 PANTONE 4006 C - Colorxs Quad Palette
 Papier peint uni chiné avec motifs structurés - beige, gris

·····

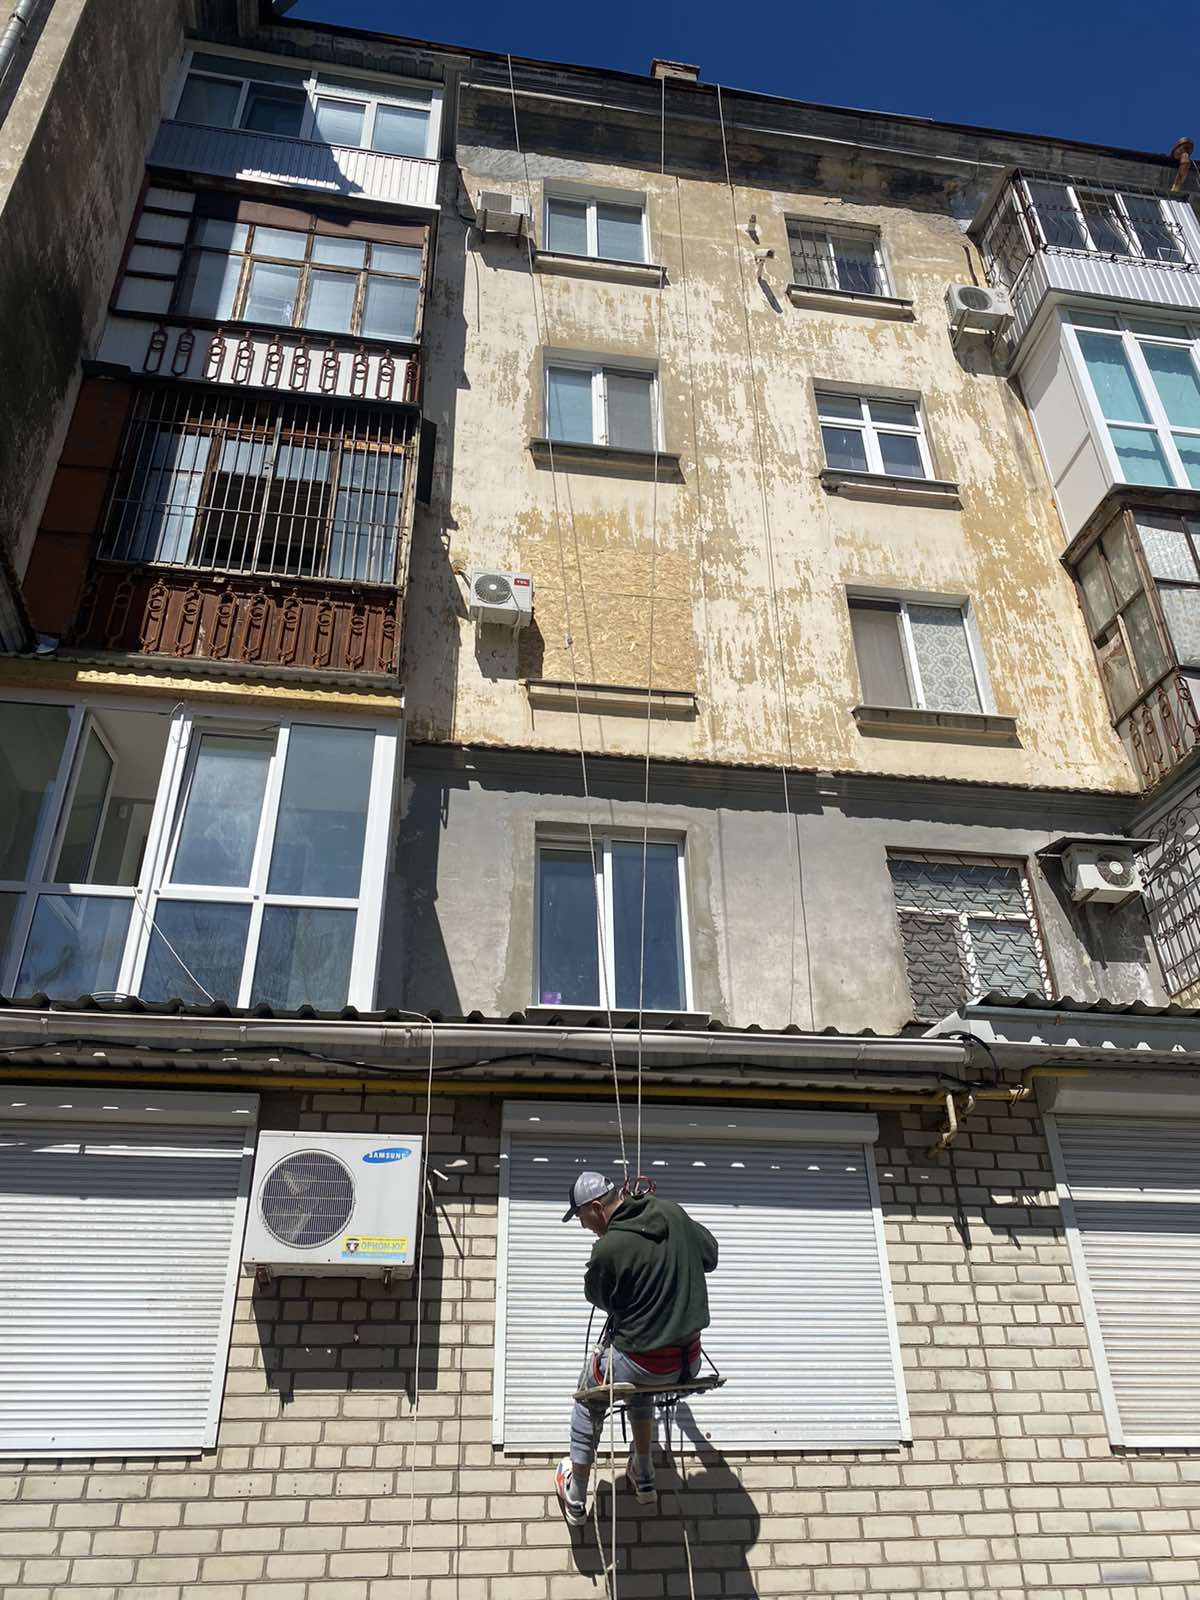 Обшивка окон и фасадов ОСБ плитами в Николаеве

·····

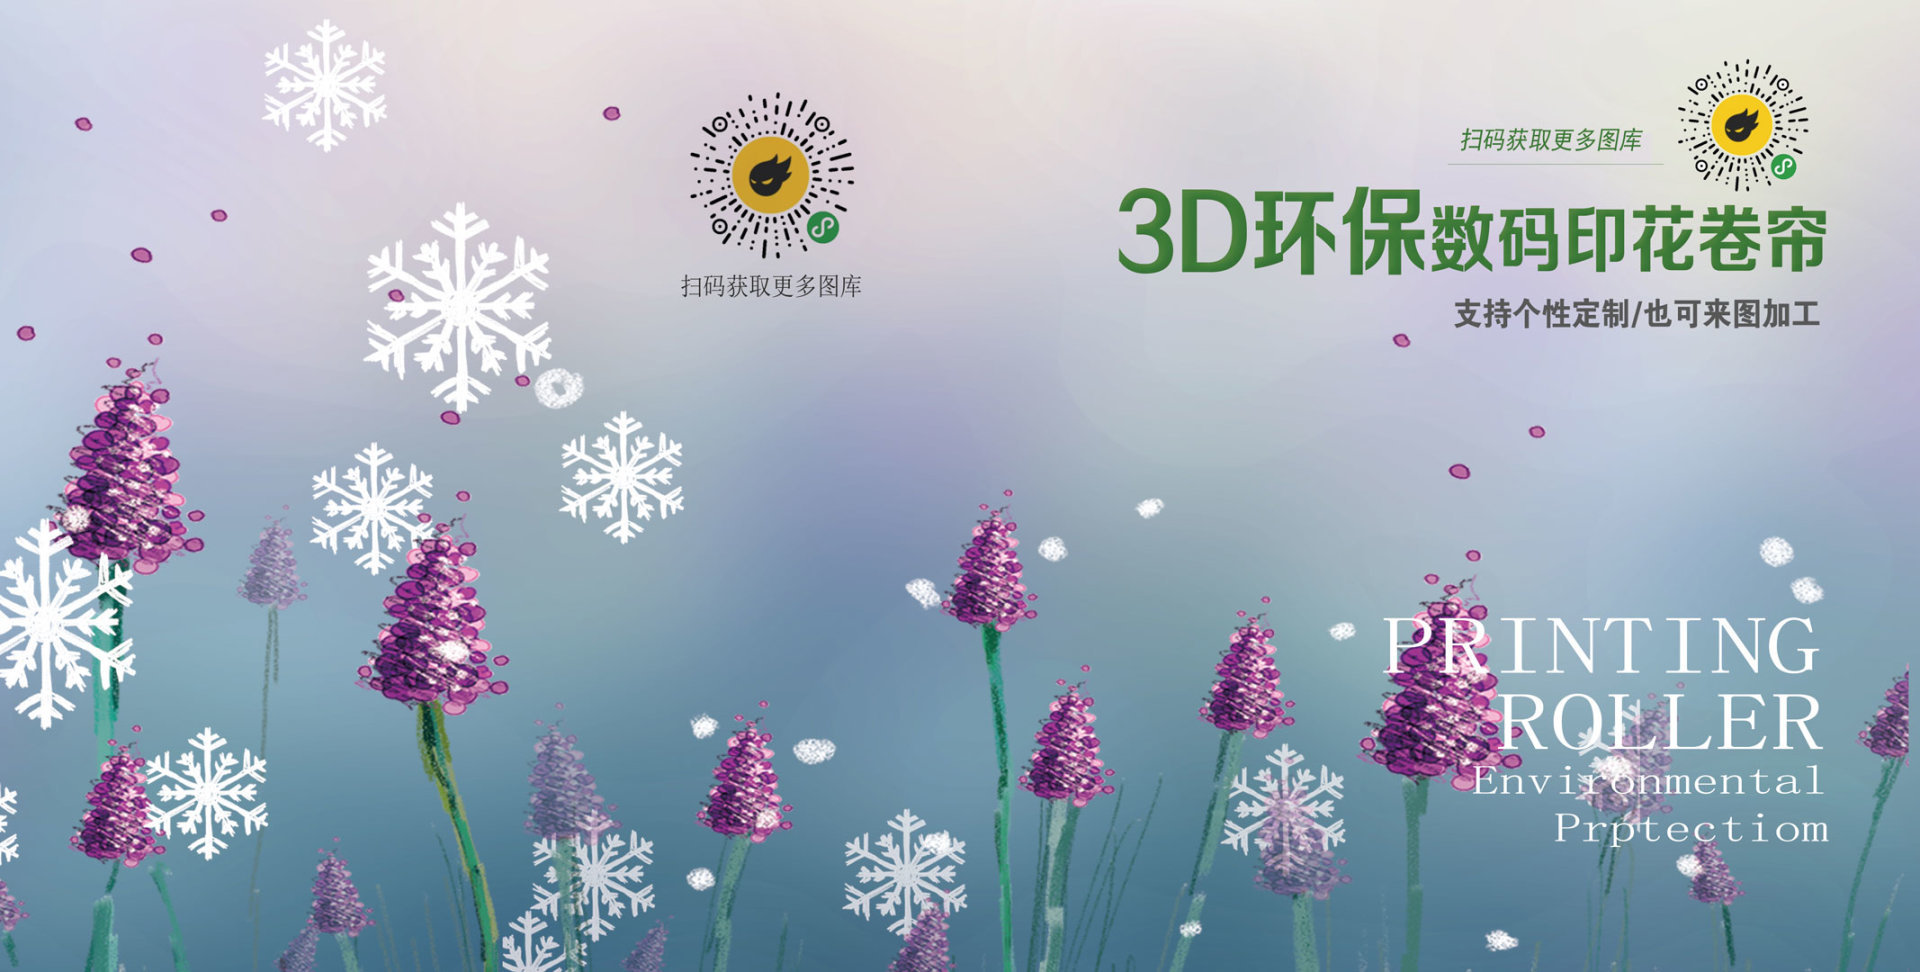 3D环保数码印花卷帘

·····

= Work to be completed =
Look above for the line with "PANTONE 4006 C - Colorxs Quad Palette"; retype exactly that line, every line after it up to the line with "Papier peint uni", and that line too, nothing else.

= Task answer =
 PANTONE 4006 C - Colorxs Quad Palette
 Papier peint uni chiné avec motifs structurés - beige, gris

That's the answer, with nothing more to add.